There's still some consequences, sure, but compare the different versions of D&D and you'll find a steady reduction in or easing of such consequences as the editions go along. Some rough examples:
Death:
1e - revival has high monetary cost, chance of outright failure (Res. survival roll), loss of a con point
3e - revival has moderate monetary cost, loss of a level === but auto-succeeds
5e - revival has quite low monetary cost === and auto-succeeds
Level loss:
1e - level loss possible from various sources, restoration has high monetary cost and needs to be done once for each level lost
3e - level loss possible from fewer sources, negative-level concept added, restoration sometimes relatively easy, sometimes not
5e - level loss virtually removed and-or made relatively easy to deal with
Spellcasting:
1e - casting very easy to interrupt, cannot cast while in melee, area-effect spells risky (expanding fireballs, rebounding lightning bolts)
3e - casting easy-ish to interrupt === but combat-casting feat makes casting in melee possible, most effect risks removed
5e - casting quite difficult to interrupt === casting in melee becomes ordinary practice, effects risks gone
Note however that in 1e a well-worded wish could bypass all sorts of negative consequences...if you could find and-or afford one. Wish was greatly reined in in later editions.
It's not make a character and then auto-win the entire adventure or campaign. That's just classic nostalgia, or "in may day!" thinking that isn't really true. No one here is saying they had players drop out of gaming because something bad happened to their character either. What we're saying is that in our circles, the arbitrary level loss slapped on a replacement character doesn't seem to make sense and has impacted the fun of players we know.
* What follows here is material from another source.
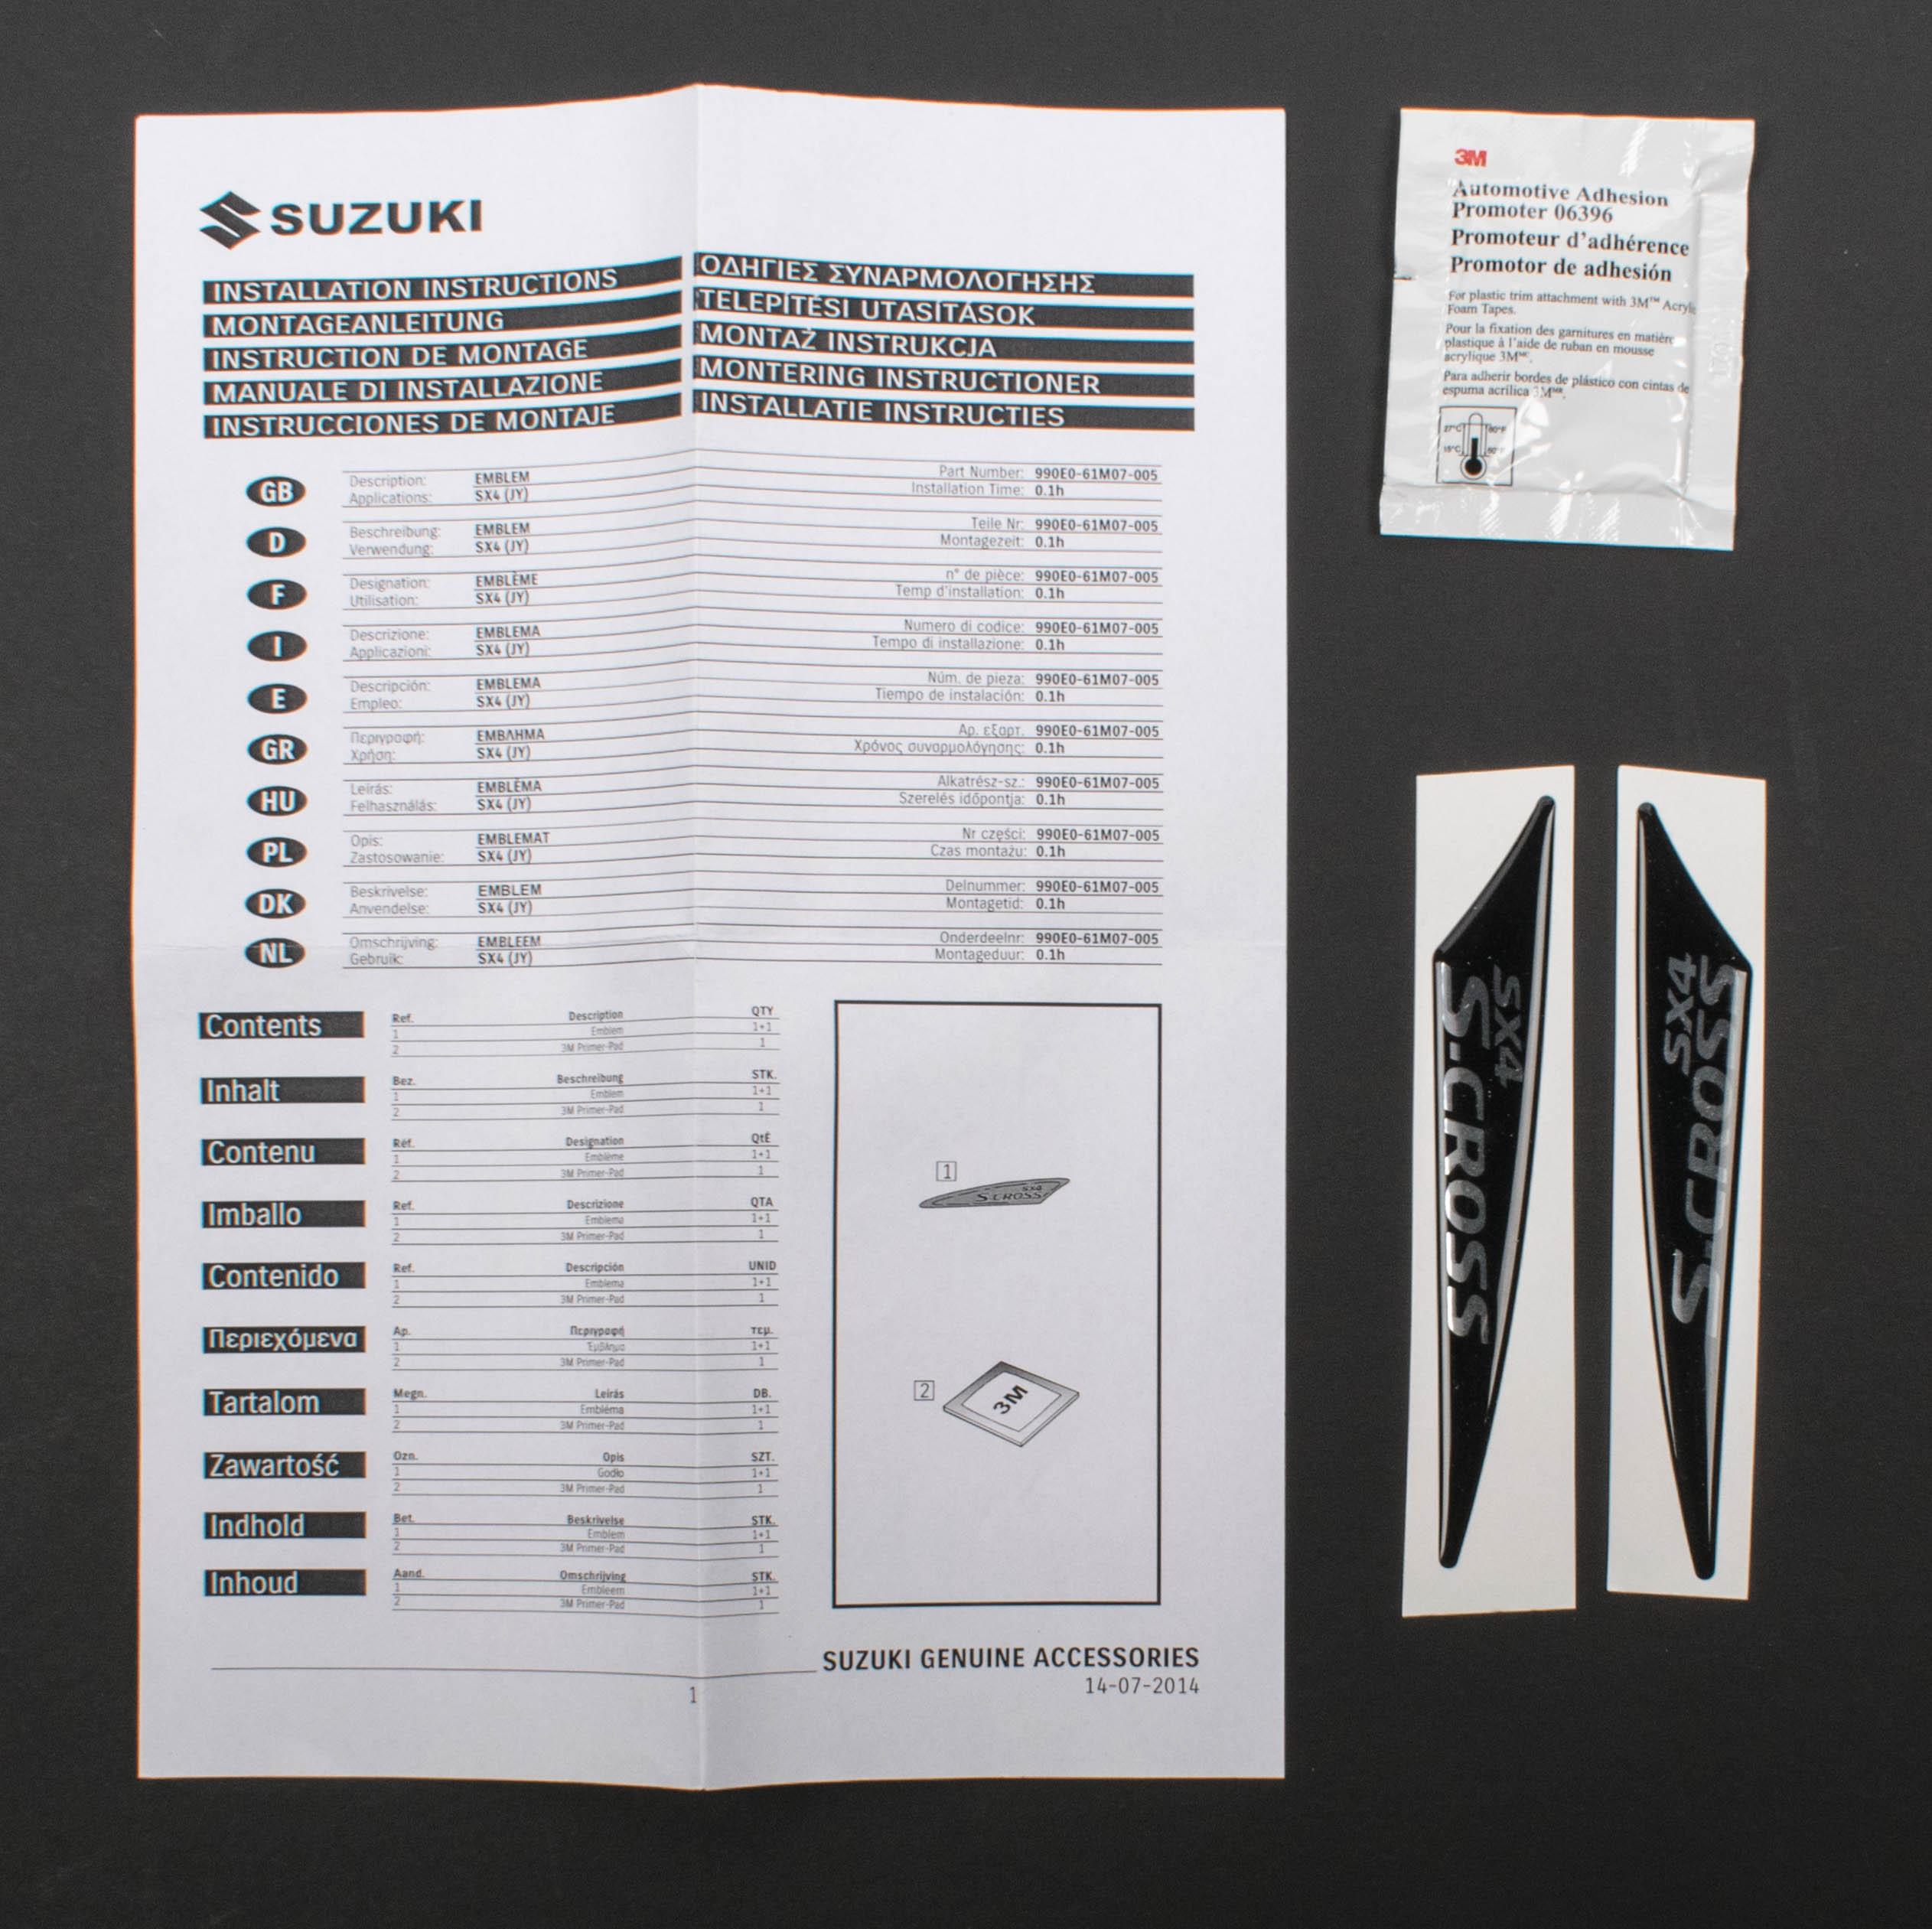 Suzuki Genuine SX4 S-Cross Facelift Side Body Moulding Badge Set 990E0-61M07-005

If we happen across Wights in an adventure, so be it. We deal with it, knowing what we're in for. It makes the adventure tense and dangerous. We all know the effects can be temporary and find ways to overcome the challenge.
All fair enough.
Having a character die and then the DM says "well make another character one level lower from the rest of the group" doesn't make a lot of sense. It's not a challenge for the player to overcome, like something they would face in an adventure. It's an artificial way of try to increase the difficulty for that player or to penalize that player when all they did was play.
One argument in favour of such is to encourage players to at least attempt revival of their pre-existing character, for continuity. Another (and this one matters to me) is that it's one more small way to slow down the overall level advancement...which allows for a longer campaign.
Unless the entire group agrees ahead of time that replacement characters come back at a lower level because they like that kind of thing. In which case, game on. Plenty of people like a kind of retro feel to their games with these kinds of rules. Though keeping everyone at the same level or letting replacement characters come in at the same level is by no means coddling a player or removing consequences from the game.
Depends on the group, as you say.
If a player wanted to drop out of a game anytime something happened to their character, I doubt they'd be at anyone's game table.
Yet that almost seems to be the attitude shown in post 19, this thread, which is what got me talking about it.